Exercise aim:
Repeat only the lines from the one that contains "Dulux Easycare Washable" through the final line of the listing below, exactly, please, without pictures.

Collected data:
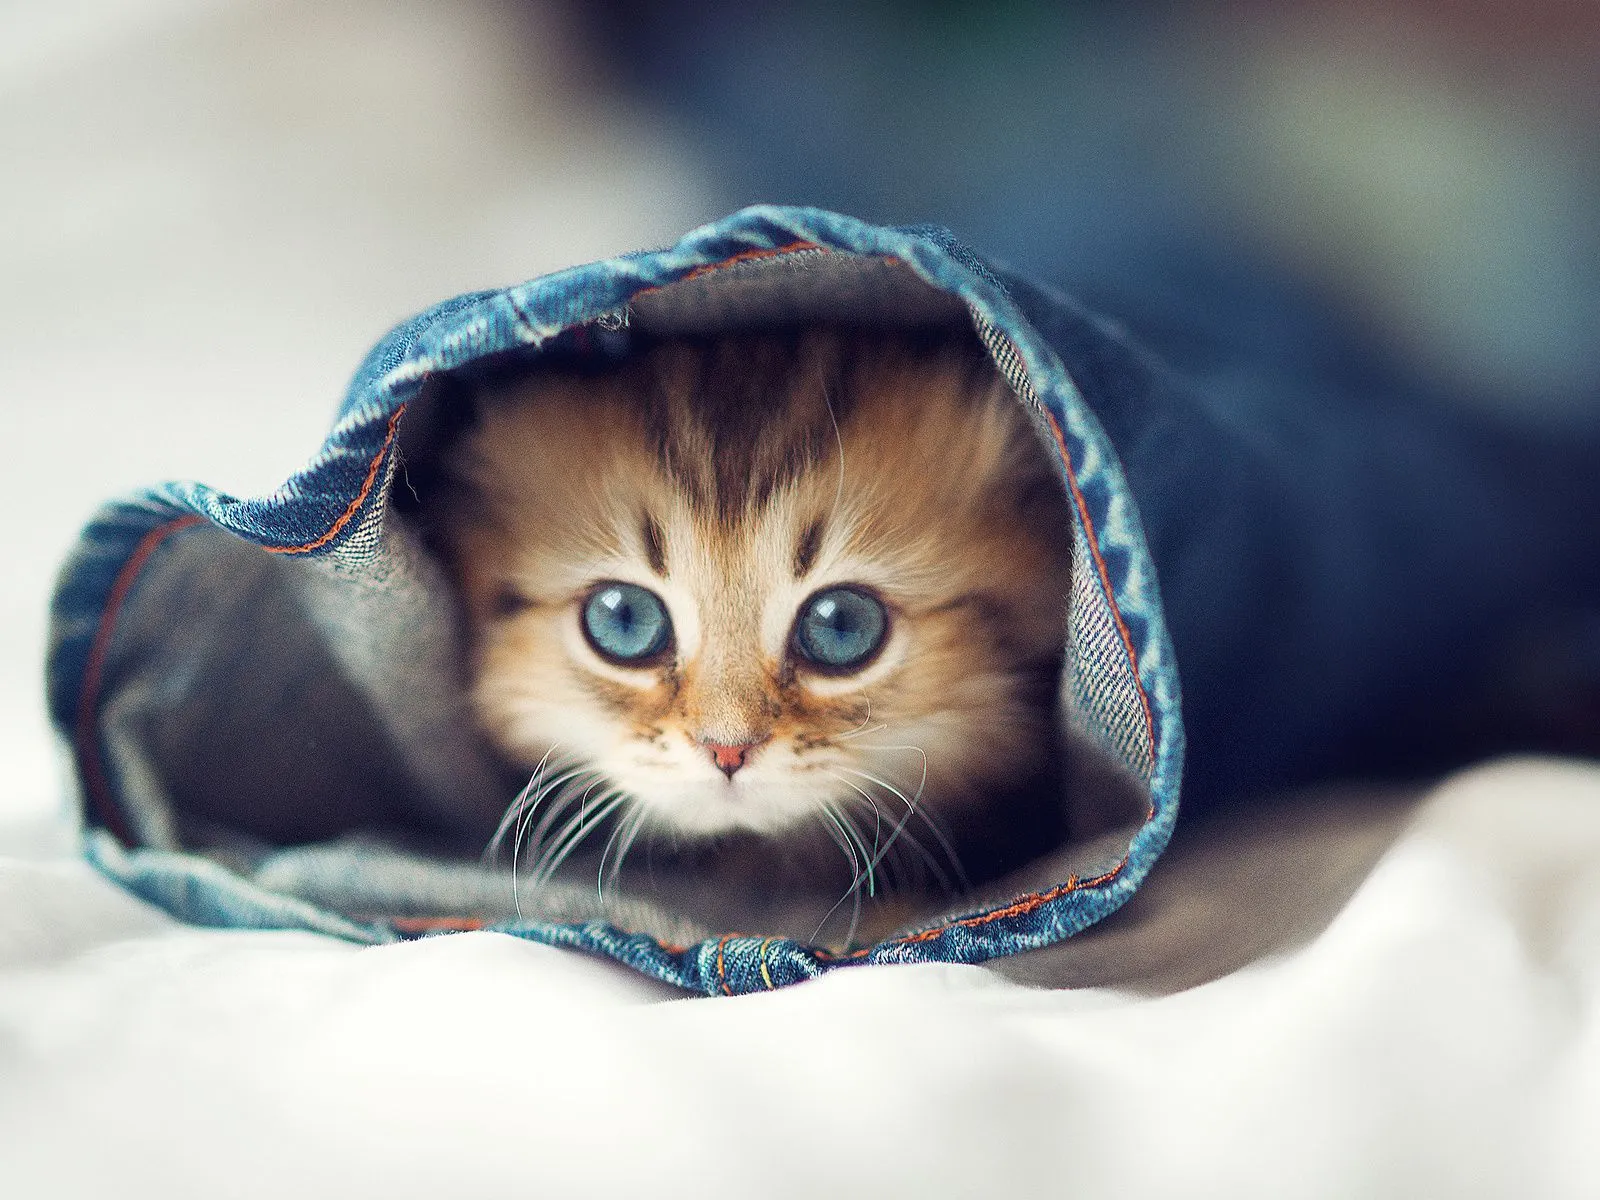 Fotos de gatos traviesos saliendo de un jeans ~ Mejores Fotos del ...
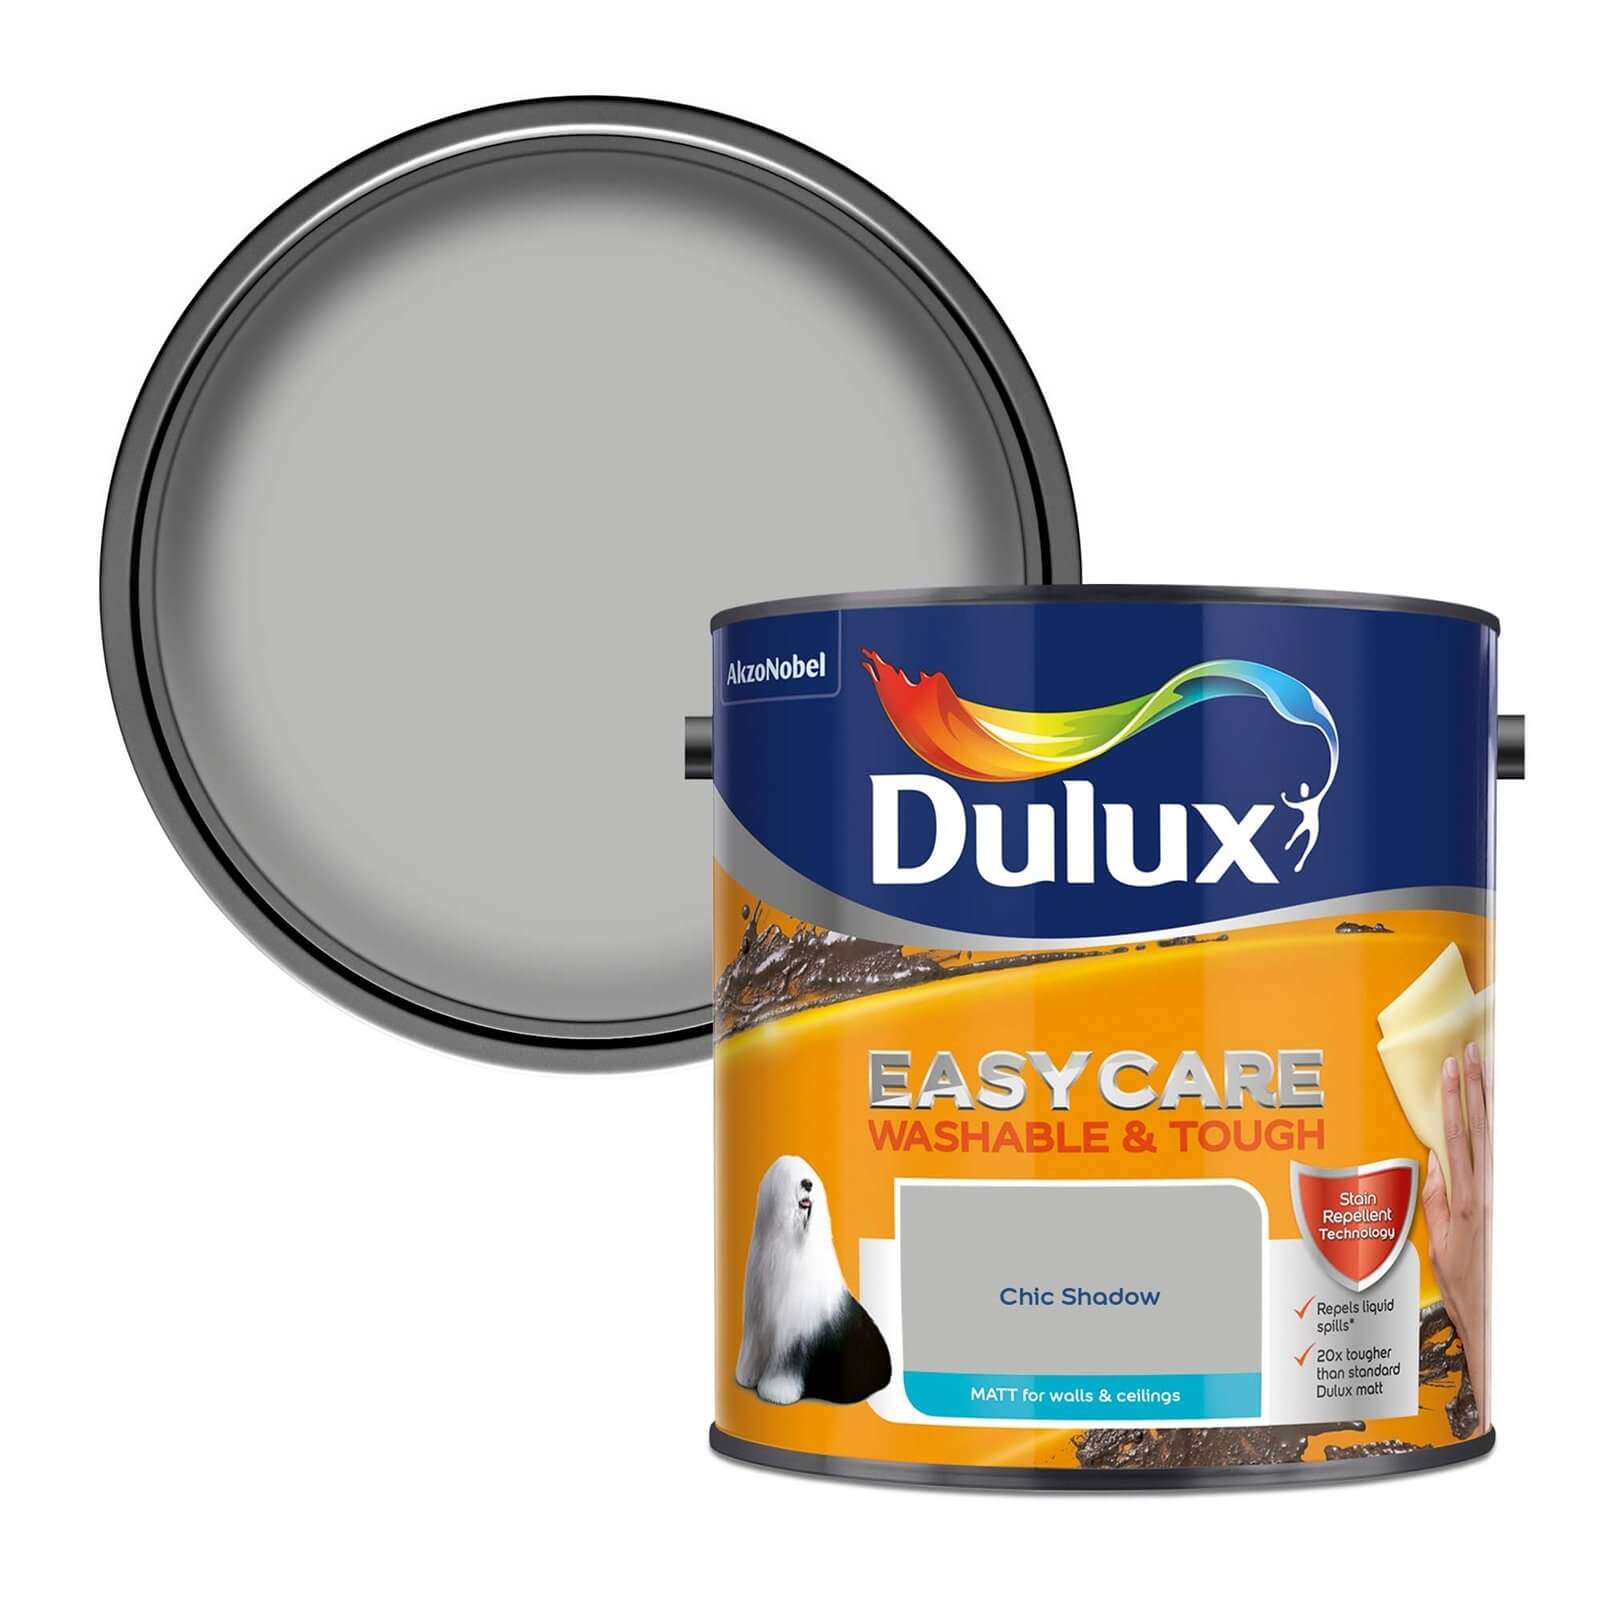 Dulux Easycare Washable & Tough Matt Paint Chic Shadow - 2.5L
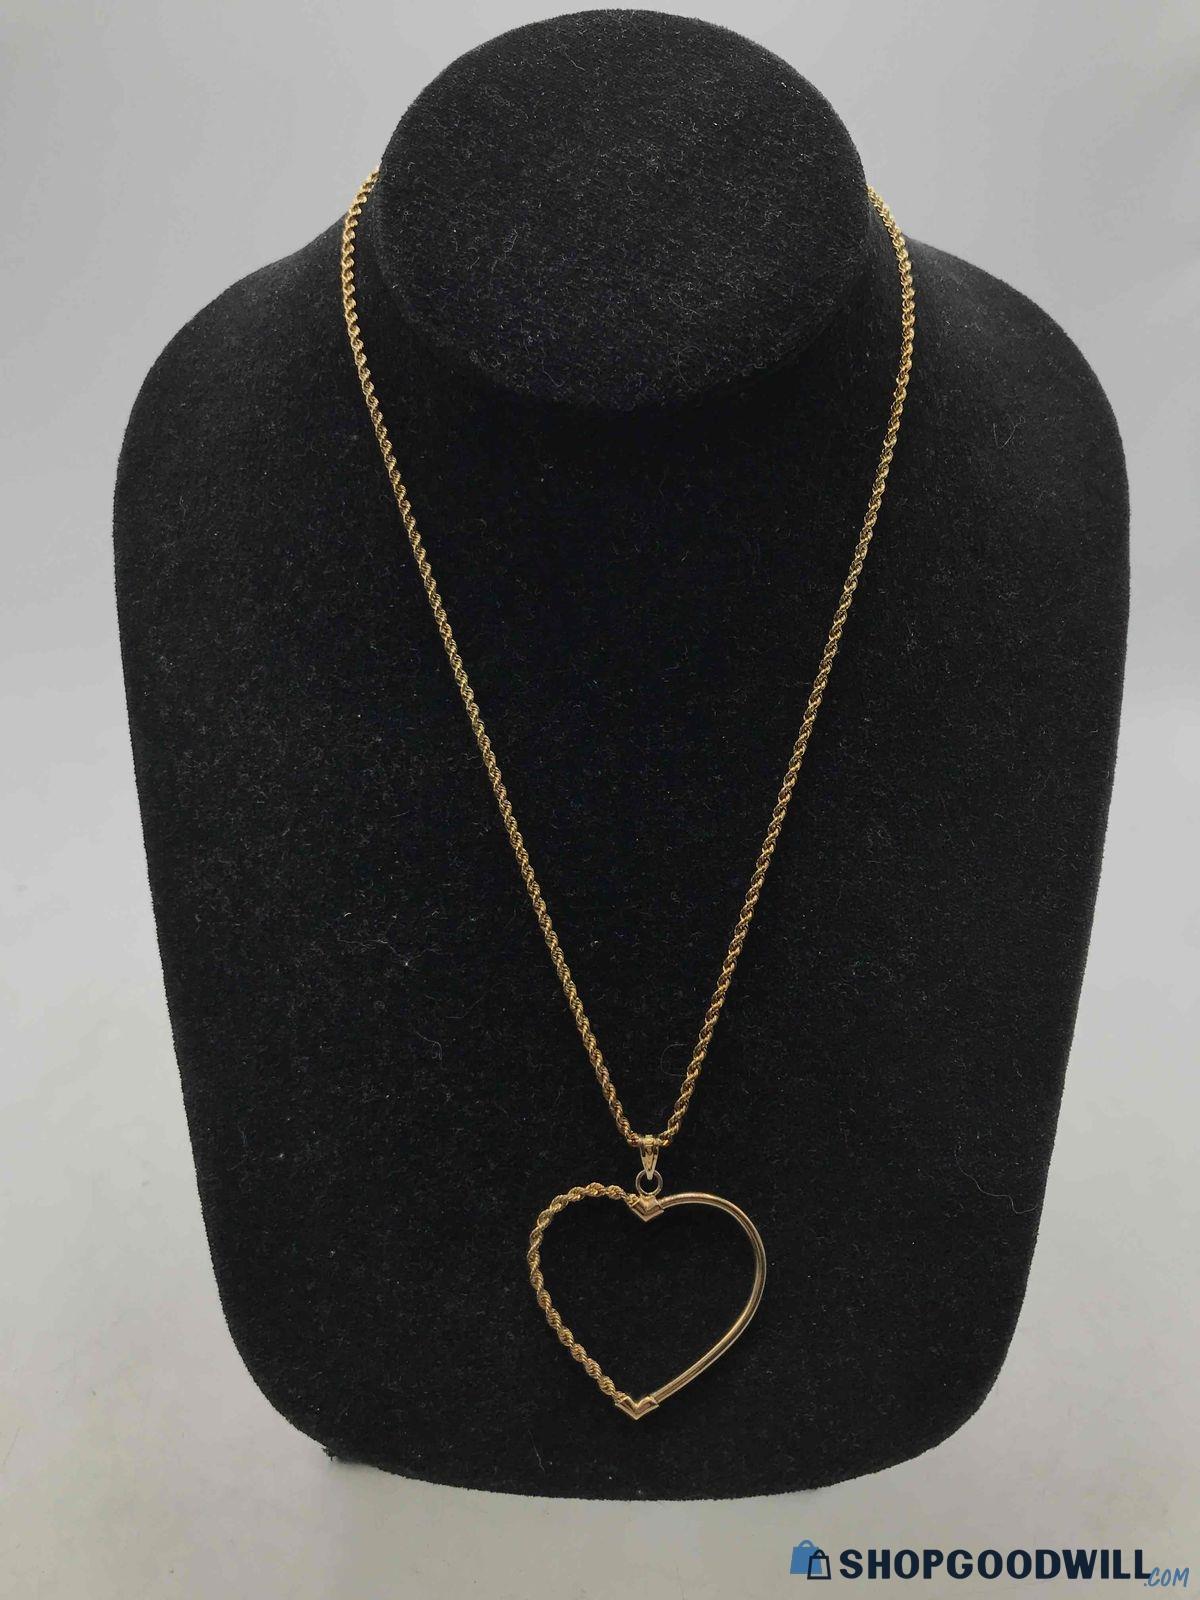 10K Gold Heart Necklace 3.4g - shopgoodwill.com
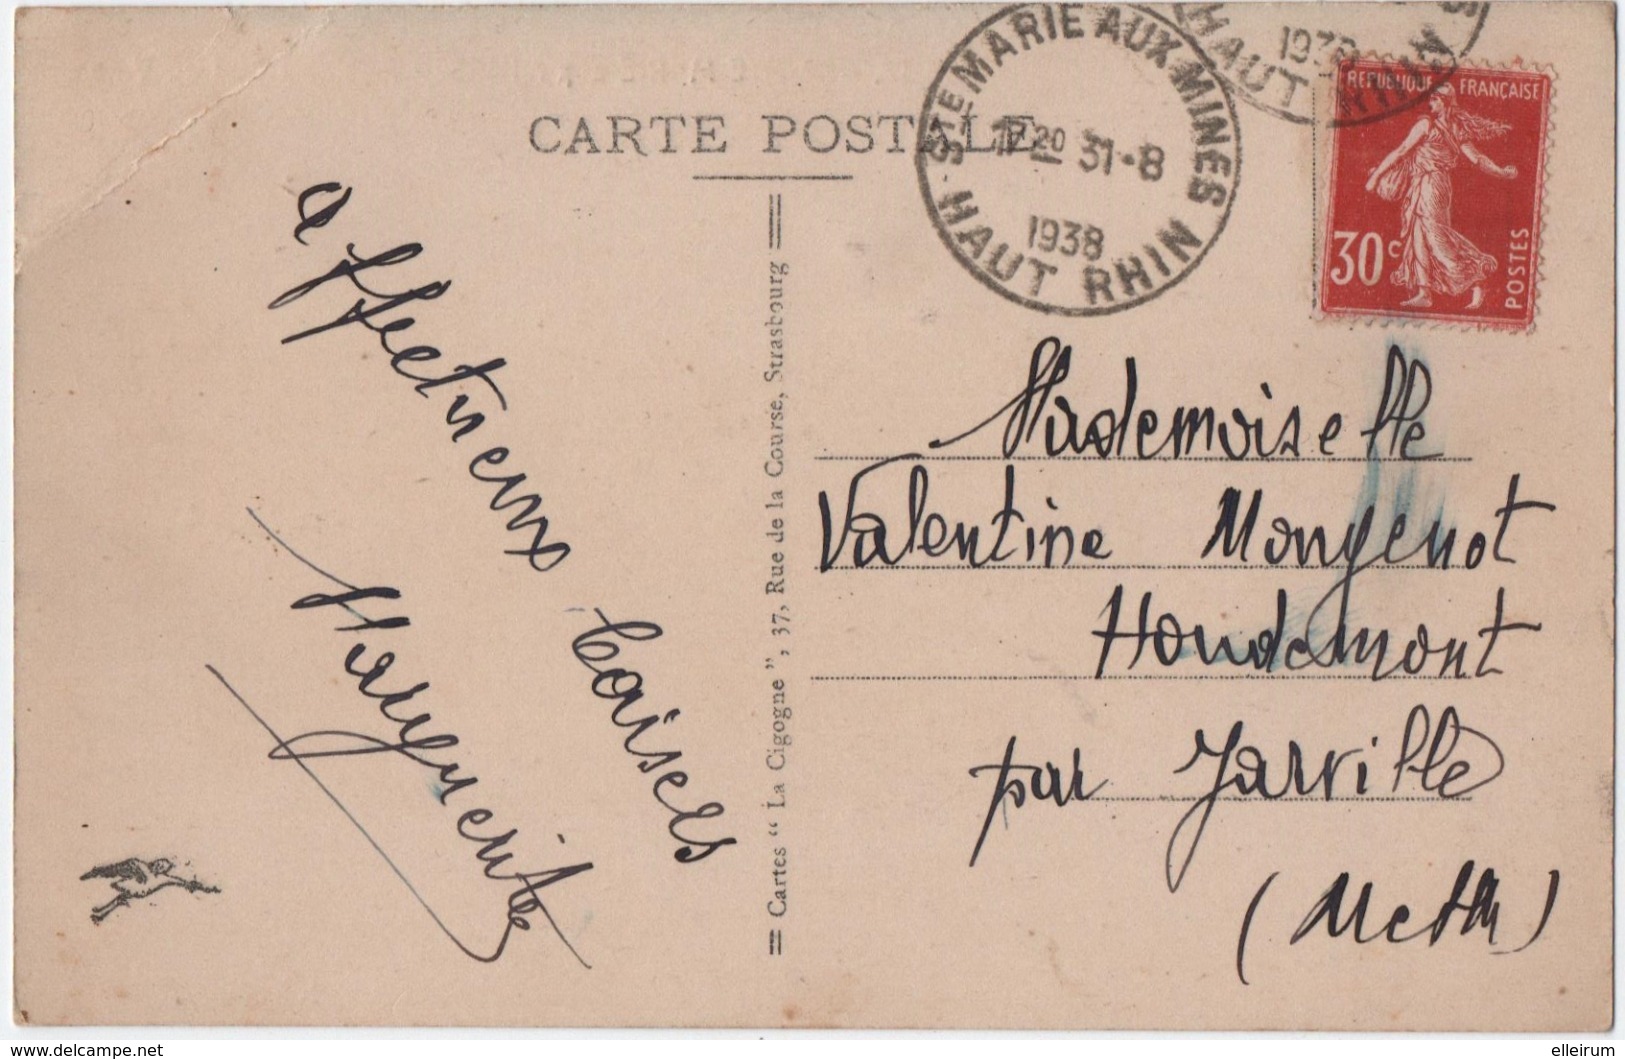 SAINTE-MARIE-aux-MINES (68) ANCIEN HOTEL De VILLE. 1939. CARTE COLORISEE. - Sainte-Croix-aux-Mines

Output of the task:
 Dulux Easycare Washable & Tough Matt Paint Chic Shadow - 2.5L
 10K Gold Heart Necklace 3.4g - shopgoodwill.com
 SAINTE-MARIE-aux-MINES (68) ANCIEN HOTEL De VILLE. 1939. CARTE COLORISEE. - Sainte-Croix-aux-Mines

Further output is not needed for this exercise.